*** Opening Available data ***
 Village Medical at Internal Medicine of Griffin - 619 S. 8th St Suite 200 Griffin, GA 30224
*** Closing Available data ***
*** Opening Available data ***
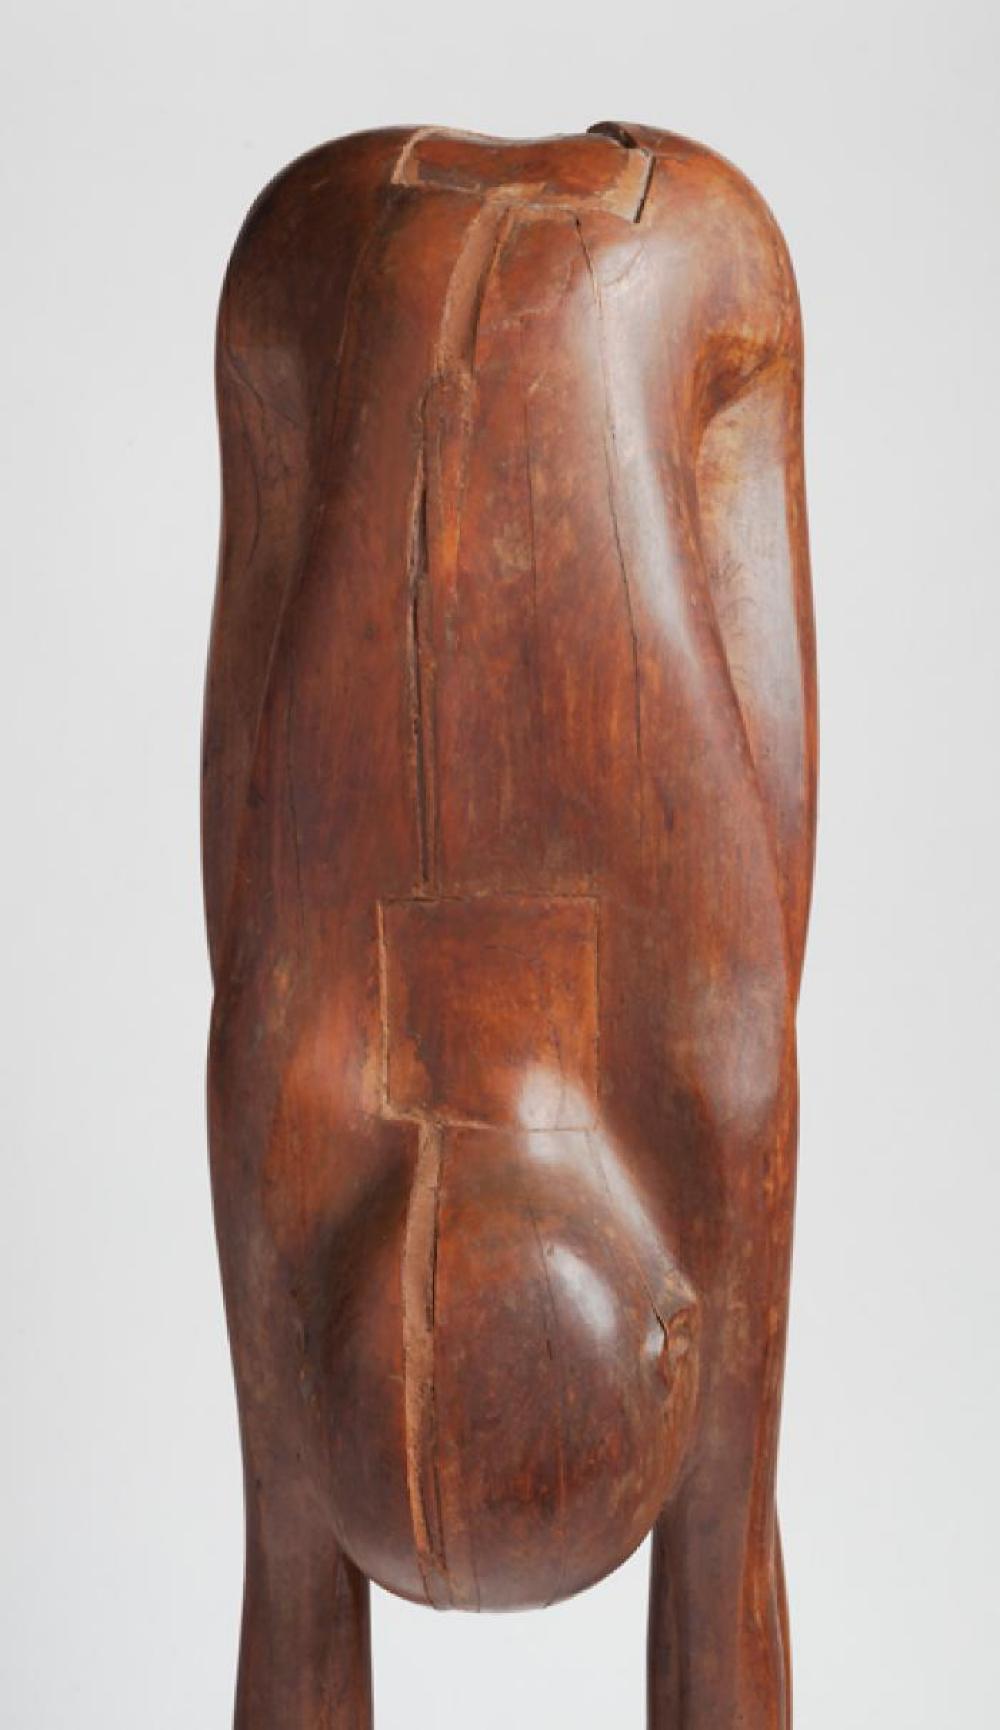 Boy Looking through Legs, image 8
*** Closing Available data ***
*** Opening Available data ***
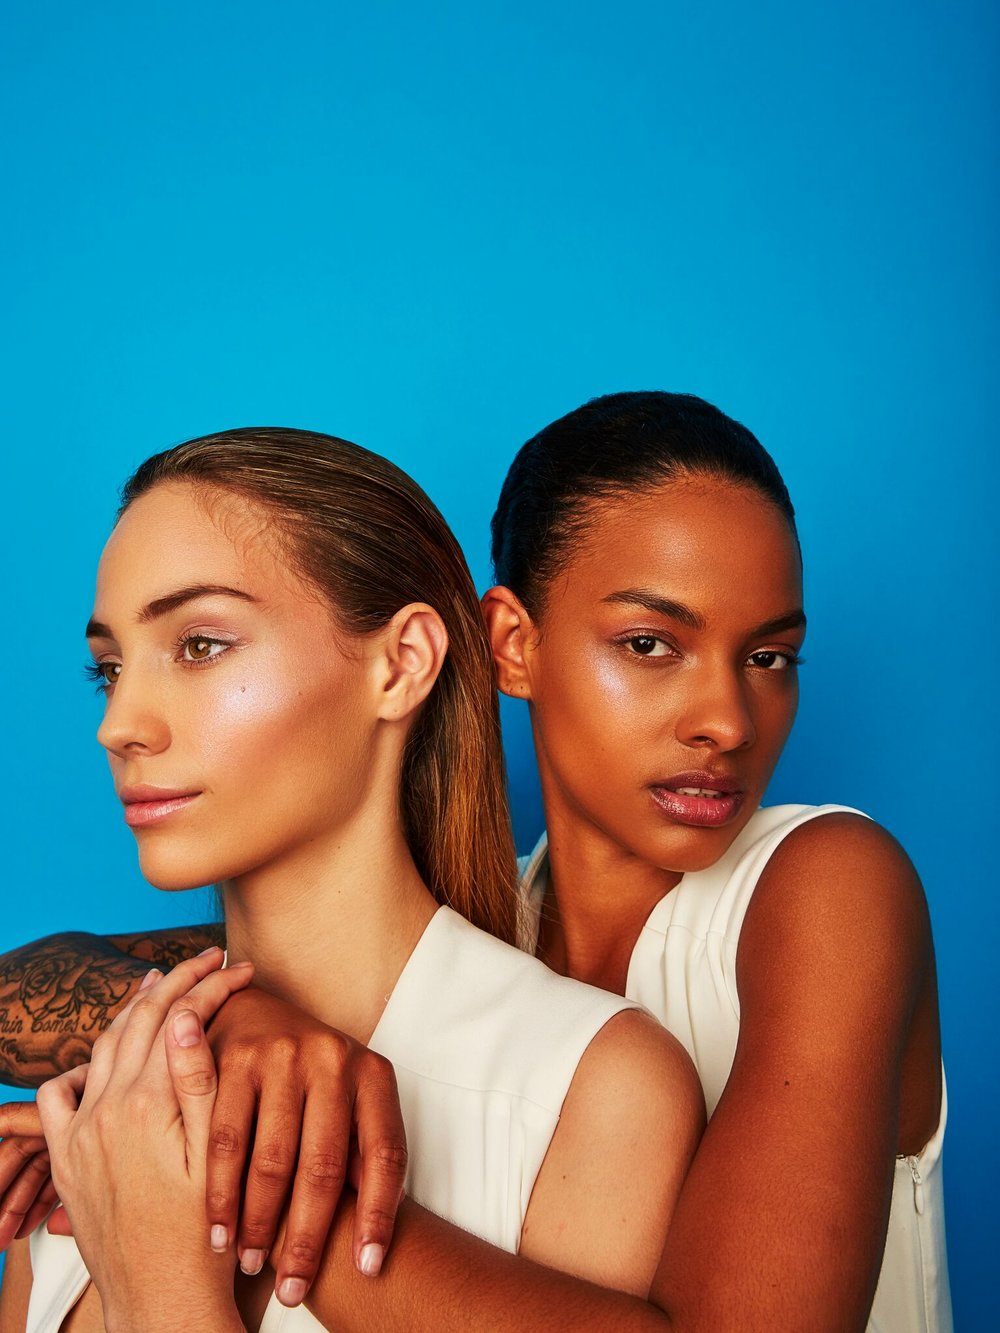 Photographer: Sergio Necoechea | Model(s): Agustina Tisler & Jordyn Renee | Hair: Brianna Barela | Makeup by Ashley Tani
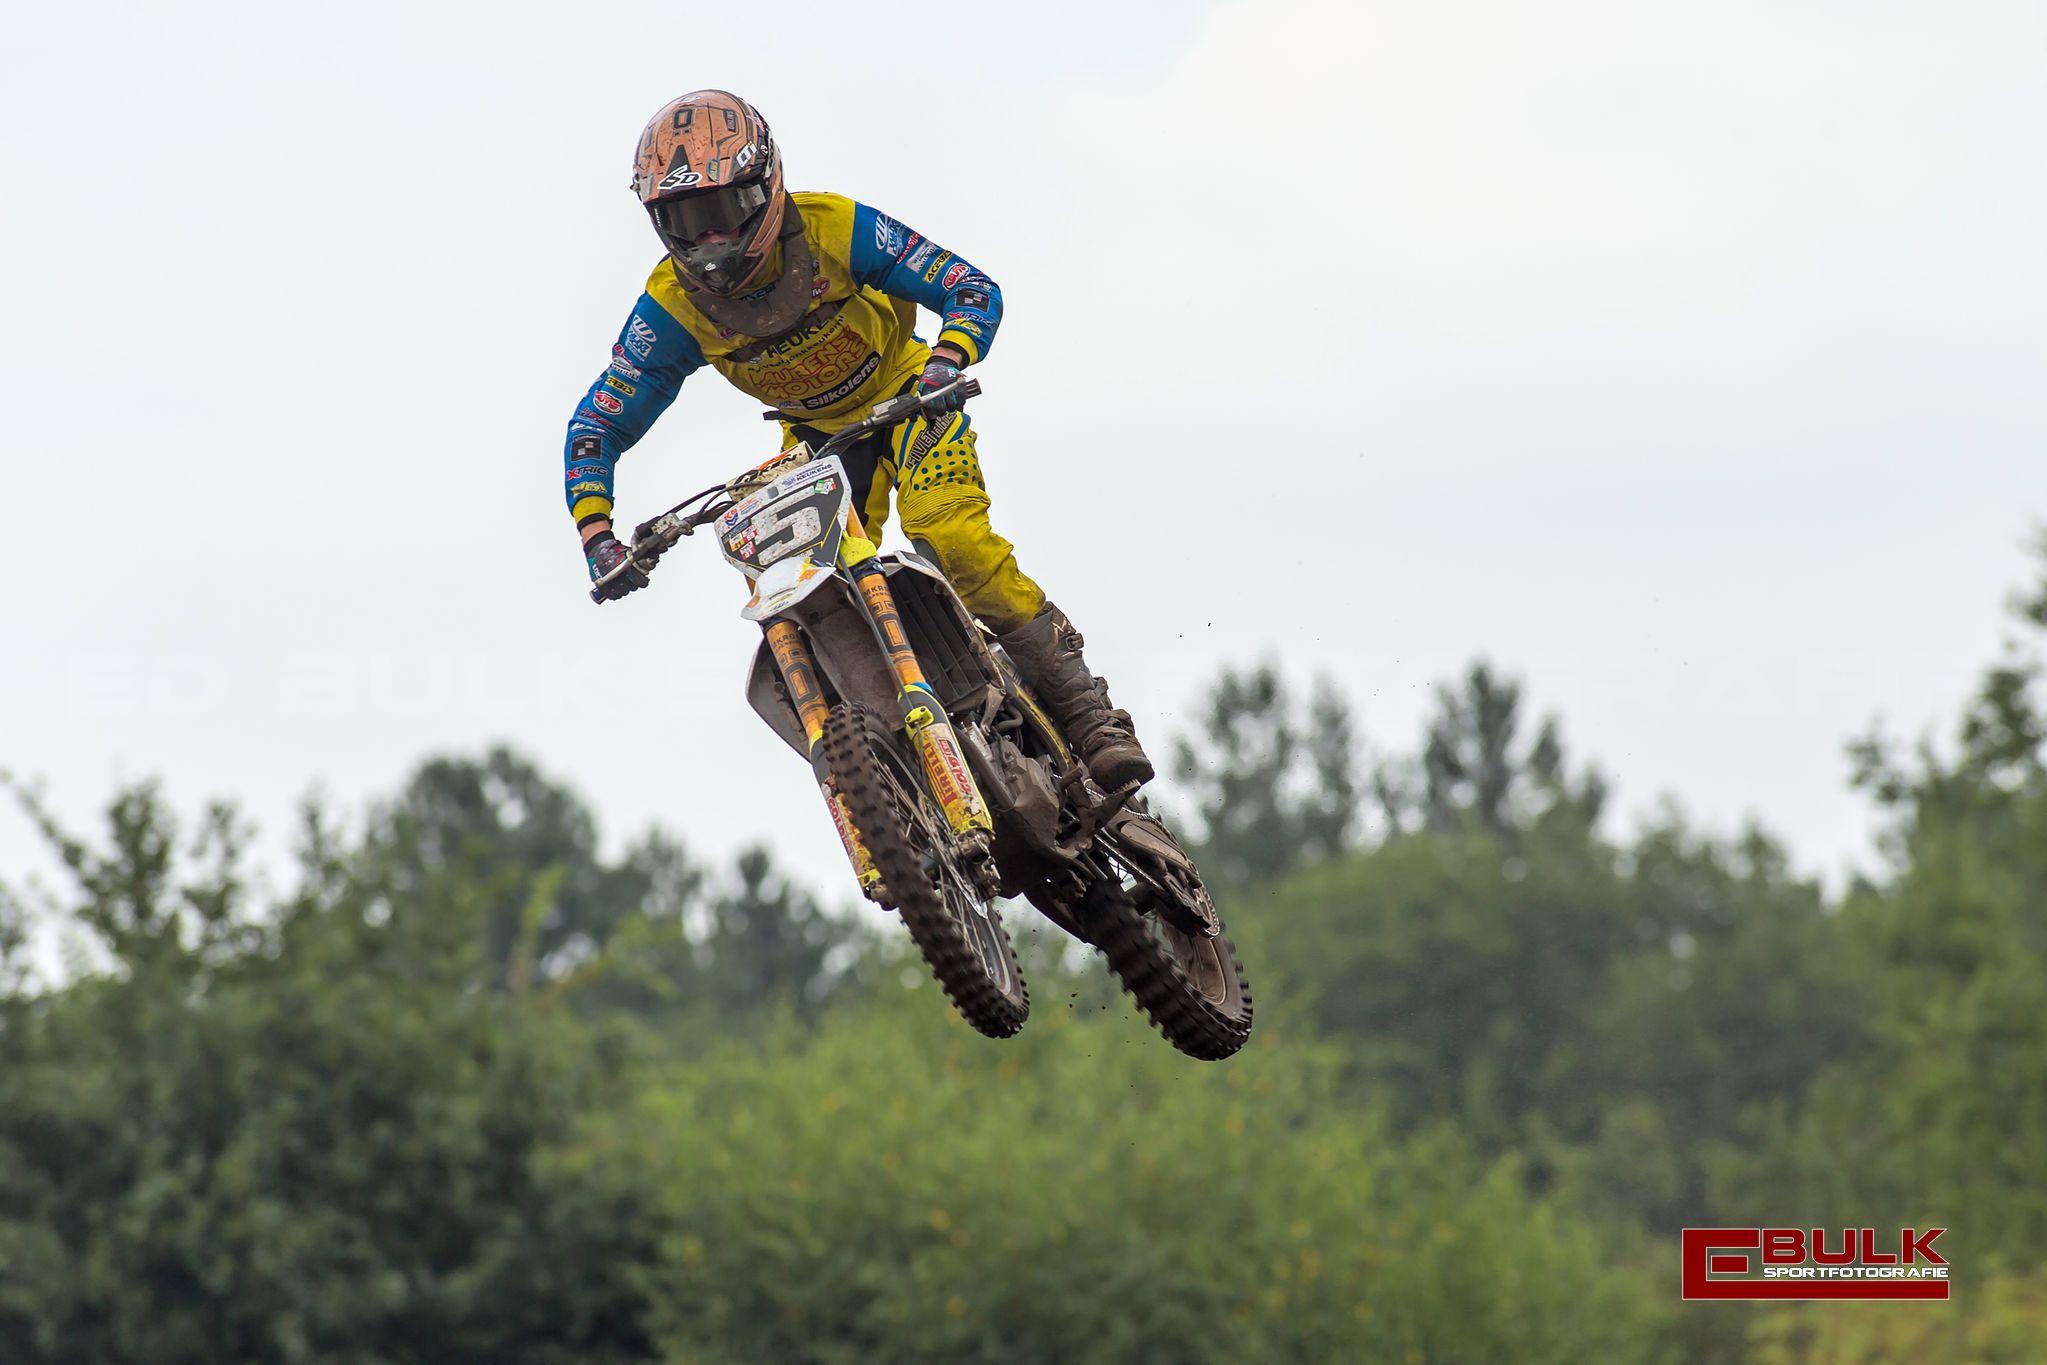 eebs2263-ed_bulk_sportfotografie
*** Closing Available data ***
### Task goal
All pictures are to be skipped. Output, word for word, the lines in the data above starting at the line containing "Photographer: Sergio Necoechea" and ending at the line containing "eebs2263-ed_bulk_sportfotografie".

### The completed task
 Photographer: Sergio Necoechea | Model(s): Agustina Tisler & Jordyn Renee | Hair: Brianna Barela | Makeup by Ashley Tani
 eebs2263-ed_bulk_sportfotografie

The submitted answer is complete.